Mandated Interoperability: Strategic Differentiator or Compliance Project?

By Drew Ivan, Executive Vice President of Product and Strategy, Rhapsody and Corepoint Health
Twitter: @rhapsodyhealth @CorepointHealth

Interoperability within health care has been a top concern across the industry for more than a decade. The HITECH ACT drove an expectation that interoperability would be a natural byproduct of broad EHR adoption, but this turned out not to be the case. Digitizing health data did not automatically make it liquid. The missing key ingredient is a business motivation to share data outside of the silo in which it was generated.

In the post-HITECH era, several different strategies for internal interoperability have become commonplace, but two stand out at opposite ends of the spectrum. At one end, we have organizations that prefer to adopt a single EHR system for as many departments, business functions, and clinical workflows as possible. When all the data is generated within a single system, there is less need for interoperability. At the opposite extreme, we see organizations that prefer a best-of-breed approach. They implement the best system for each purpose and integrate them in order to share data between and among their best-of-breed systems. This often means implementing an organization-wide interoperability strategy using a best-of-breed integration tool.

The organization’s internal interoperability strategy often has a bearing on the organization’s external or cross-organizational interoperability strategy. Providers that adopt an EHR-centric internal integration strategy often find that the easiest way to communicate externally is through the EHR’s proprietary exchange network.
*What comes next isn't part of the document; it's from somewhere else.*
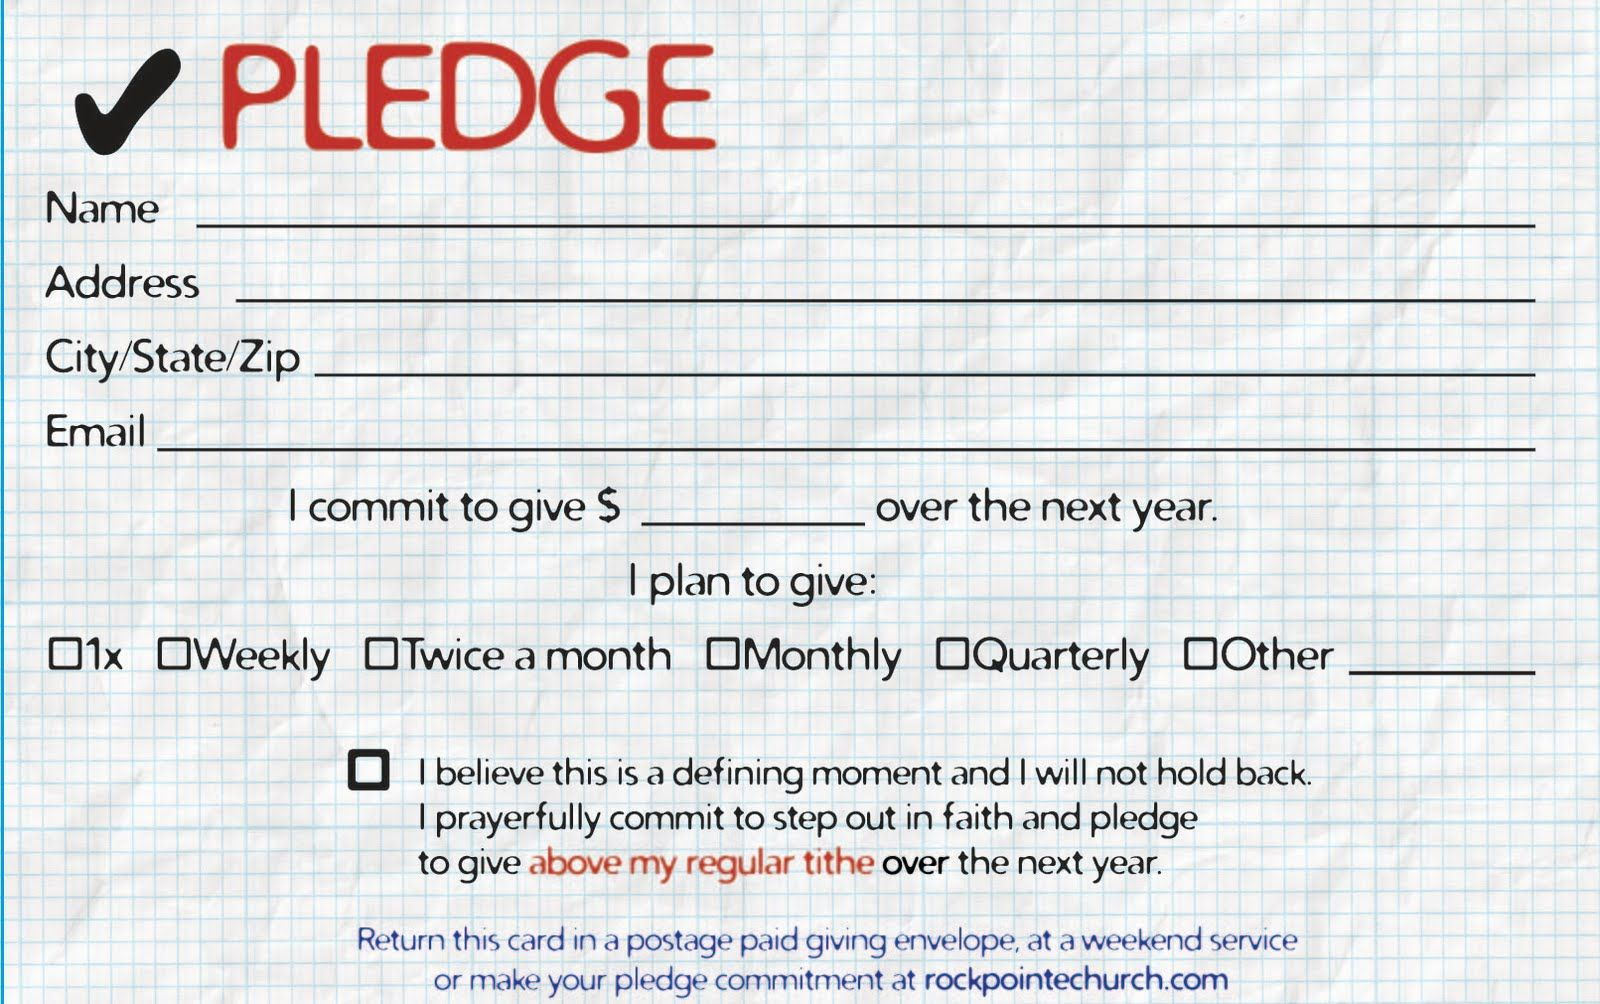 Pledge Cards For Churches | Pledge Card Templates | Card Pertaining To Free Pledge Card Template

Providers that have taken a best-of-breed approach are more likely to use vendor-neutral exchange networks, such as Carequality and CommonWell. Either way, it seems that data is not presently flowing as freely as providers, patients, and regulators expected.

To address the interoperability gap, Congress passed the 21st Century Cures Act at the end of 2016. The law contains a number of health care-related provisions, including a definition of and prohibition against information blocking. More than two years later, CMS and ONC published proposed rules to clarify what this would mean in practical terms, and we are still waiting to see what the final policies will look like. This signals the end of HITECH’s incentives for health care technology and the start of the penalty phase for players that are not using the technology as intended.
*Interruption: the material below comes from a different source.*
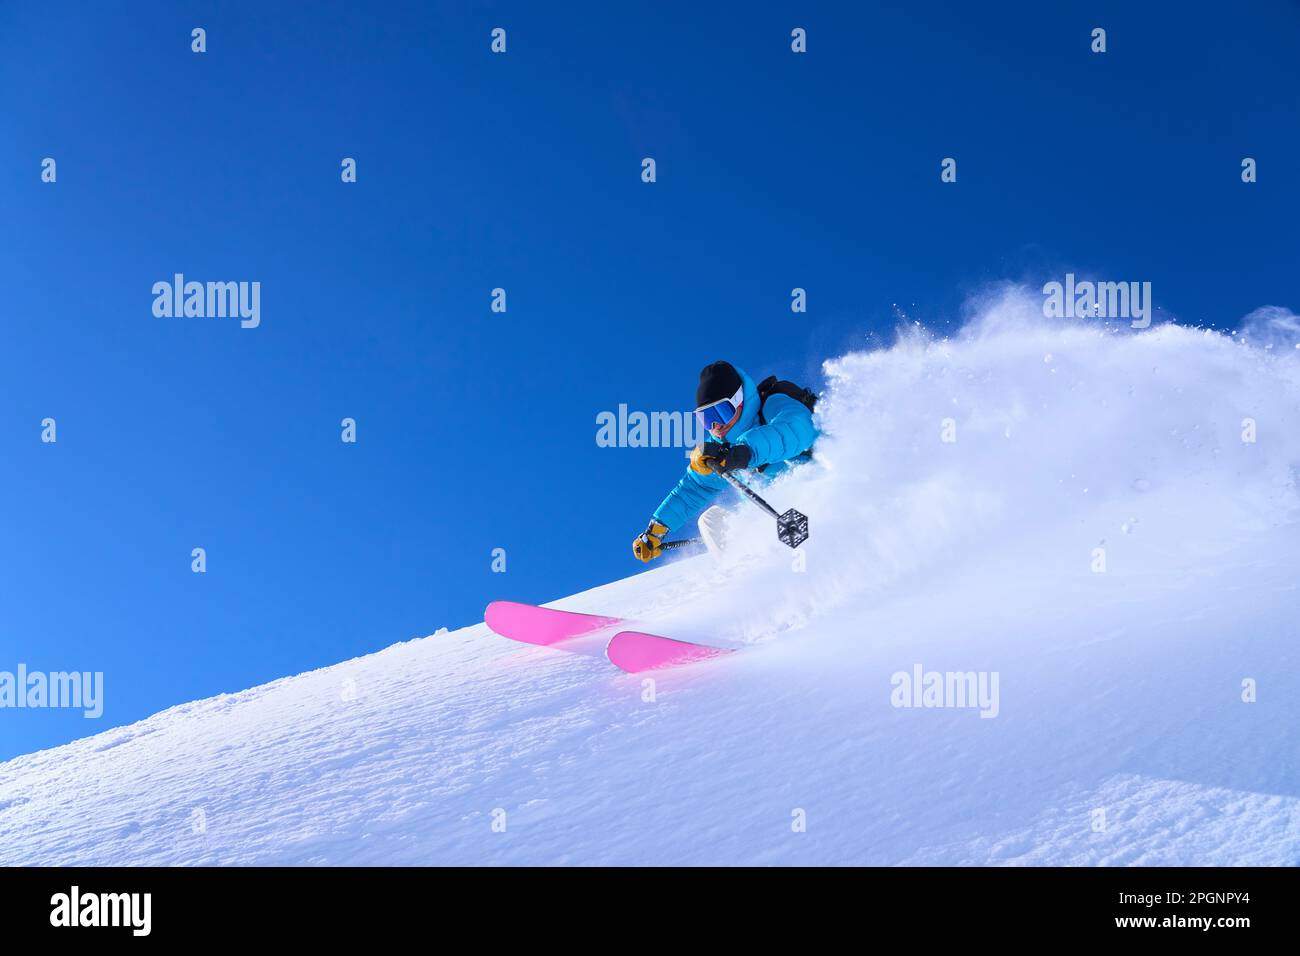 Man skiing downhill on snow under blue sky Stock Photo

We expect the result will be improved cross-organizational interoperability, which will help enable new, outcomes-based health care reimbursement plans. Another benefit will be to patients, who will have improved access to their electronic health information. In either case, providers will be compelled to facilitate these data flows outside their organization. For some providers, this will represent an onerous compliance project. Others will take the opportunity to go beyond the mandate and turn external interoperability into a strategic advantage.

Organizations that excel at cross-organizational and patient-oriented interoperability will not only avoid penalties due to information blocking violations; they’ll also position themselves as effective players in the new, value-based reimbursement plans that public and private payers see as the way health care will be paid for in the future. Getting as good at external interoperability as most providers already are at internal interoperability will be a foundational capability to participating in these new reimbursement systems.

There remains some uncertainty around the margins of the proposed rules; certain details, like the exact version of FHIR APIs that will be expected, may change before they are finalized. However, the current drafts of the proposed rules will not change at a fundamental level, and organizations that want to be ready to treat the new regulations as a strategic opportunity should take the following practical steps to prepare:

  1. Gain a better understanding of healthcare legislation like: HIPAA, 21st Century Cures, and ONC’s NPRM. This will be important given different organizations will have different priorities and obligations.
  2. Identify alternative locations within the organization where patient information is stored. Doing so will enable a clear understanding of the capabilities required to transfer and share that data effectively.
  3. Have a strategy. Thankfully most networks use the same core standards (like: HL7 v2, FHIR, CCD, C-CDA, and IHE profiles) so the approach to interoperability will be relatively similar across the board.